Vitamin B12 deficiency
Vitamin B12 is an essential cofactor and a coenzyme in multiple biochemical pathways, including the pathways of DNA and methionine synthesis. While the main site of vitamin B12 absorption is the distal ileum (where it is absorbed bound to intrinsic factor), a small proportion is also absorbed passively along the entire small bowel.61 Deficiency of vitamin B12 is common in CD and frequently results in anemia.
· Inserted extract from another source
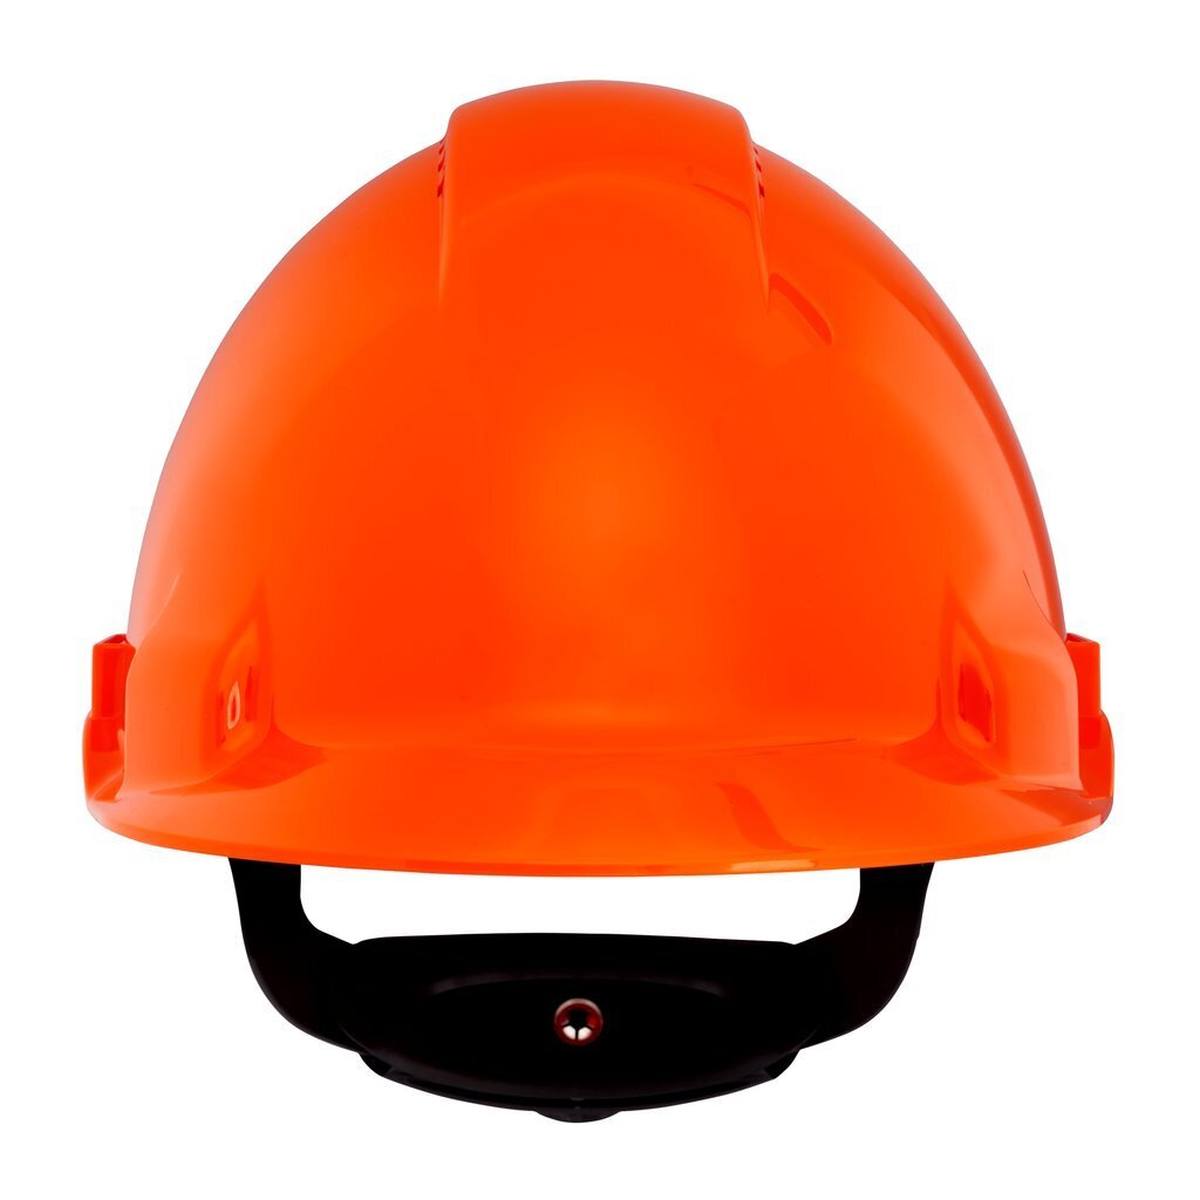 elmetto di sicurezza 3M G3000 G30NUO di colore arancione, ventilato, con uvicatore, cricchetto e cinturino in plastica per saldatura

Malabsorption of vitamin B12 resulting in anemia has also been described in patients with DH.20 The cause of the vitamin B12 deficiency in CD is not known but may include decreased gastric acid, bacterial overgrowth, autoimmune gastritis, decreased efficiency of mixing with transfer factors in the intestine, or perhaps subtle dysfunction of the distal small intestine.62,63
Recent studies suggested that 8% to 41% of previously untreated subjects with CD were deficient in vitamin B12.64,65 This is in accordance with an older study that reported 11% incidence of vitamin B12 deficiency in 50 consecutively diagnosed patients with CD.54 Vitamin B12 deficiency should be considered in all CD patients with hematologic and neurologic abnormalities. Measurements of vitamin B12 levels can be misleading and difficult to interpret, especially if the results fall within the lower range of normal or if there is a coexisting deficiency of folic acid.66 Elevated levels of serum methylmalonic acid (MMA) may enhance the diagnostic accuracy under these circumstances.67 Patients with vitamin B12 deficiency should receive therapy with parenteral vitamin B12. Even though studies have suggested that oral vitamin B12 may be as effective as parenteral vitamin B12, no such studies have been performed in patients with vitamin B12 deficiency secondary to CD.68
Deficiency of other micronutrients
The anemia seen in CD can also result from malabsorption of various micronutrients necessary for normal hematopoiesis. Copper deficiency has been described in adults and children with CD and may result in anemia and thrombocytopenia.69⇓⇓–72 We have recently diagnosed adult CD patients with symptomatic copper deficiency (T.R.H. and J.A.M., unpublished data, October 2006). Deficiencies in vitamin B6, pantothenic acid, and riboflavin have also been suggested as etiologic factors in patients with CD but recent data are lacking.13
Thrombocytopenia and thrombocytosis
Thrombocytopenia has rarely been reported in patients with CD and may be autoimmune in nature.72⇓⇓⇓⇓–77 Thrombocytopenia associated with CD has been reported in association with keratoconjunctivitis and choroidopathy, suggesting an autoimmune pathophysiology.73,74 The best therapy for thrombocytopenia in association with CD is uncertain, given the rarity of the problem, but a GFD may result in normalization of the platelet count in some cases.72
Thrombocytosis in association with CD appears to be more common than thrombocytopenia, occurring in up to 60% of patients.78⇓⇓–81 The exact etiology of the thrombocytosis is unknown but it may be secondary to inflammatory mediators or, in some cases, secondary to iron-deficiency anemia or functional hyposplenia.82 The thrombocytosis may resolve after institution of a GFD.79,80
Leukopenia/neutropenia
Abnormally low white-blood count has been reported in a few children with CD.72 These findings appear to be rare, and deficiencies of both folate and copper have been implicated as possible etiology for the leukopenia.69,70,83 The data on treatment of these patients are extremely limited but we recommend initiating a GFD and supplementing these patients' diets with oral copper sulfate if there is evidence of copper deficiency.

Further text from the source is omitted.